YOUR INSTRUCTIONS:
The expected output is each line below containing "Textures", copied in full.

RECORD SET:
'''
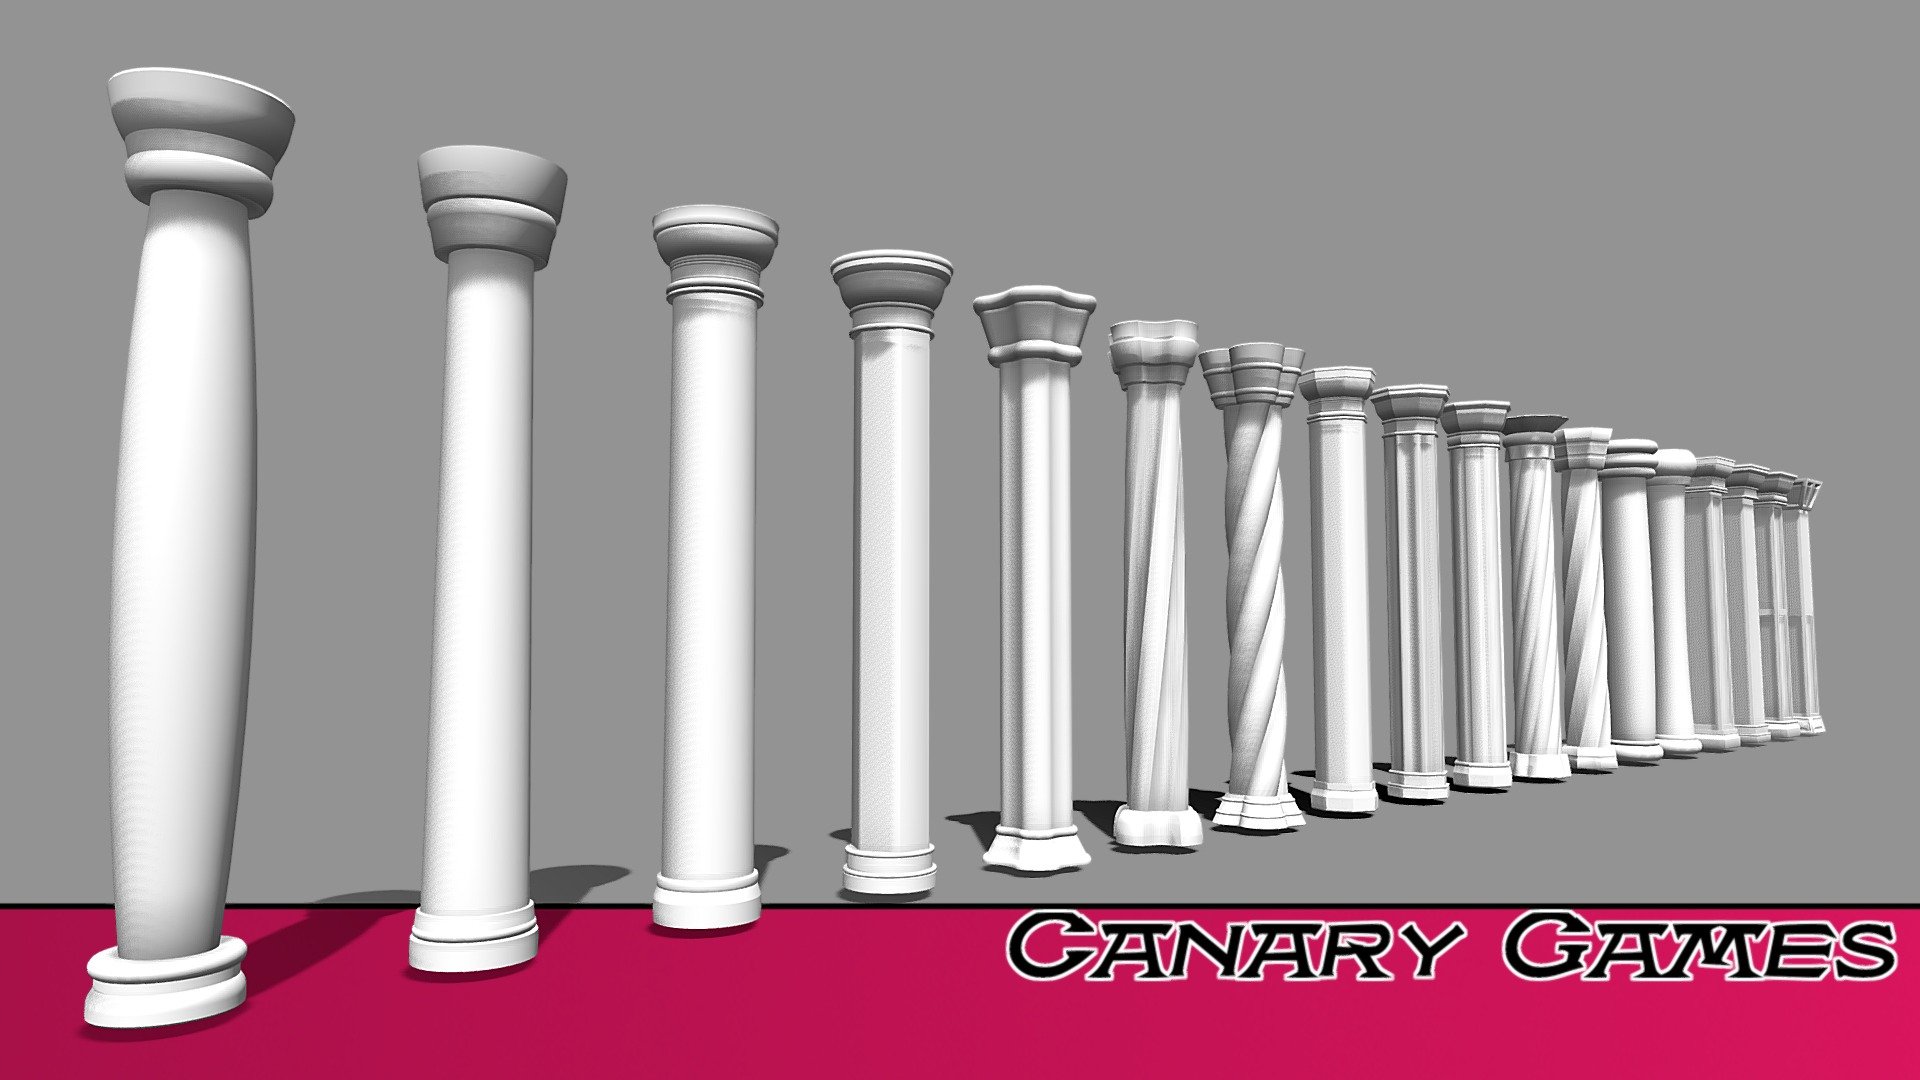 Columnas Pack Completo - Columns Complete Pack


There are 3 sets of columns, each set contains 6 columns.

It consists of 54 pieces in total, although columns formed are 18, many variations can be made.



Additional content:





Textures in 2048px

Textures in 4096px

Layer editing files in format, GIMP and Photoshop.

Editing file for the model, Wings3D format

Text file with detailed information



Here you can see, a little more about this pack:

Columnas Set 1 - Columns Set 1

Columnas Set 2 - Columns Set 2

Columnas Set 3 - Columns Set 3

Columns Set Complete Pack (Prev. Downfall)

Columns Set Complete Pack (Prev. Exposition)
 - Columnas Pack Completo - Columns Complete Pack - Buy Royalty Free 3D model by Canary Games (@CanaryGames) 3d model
'''
'''
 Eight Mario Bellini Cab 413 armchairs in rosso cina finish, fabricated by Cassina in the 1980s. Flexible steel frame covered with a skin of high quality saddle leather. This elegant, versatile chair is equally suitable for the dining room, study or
'''
ANSWER BELOW:
Textures in 2048px
Textures in 4096px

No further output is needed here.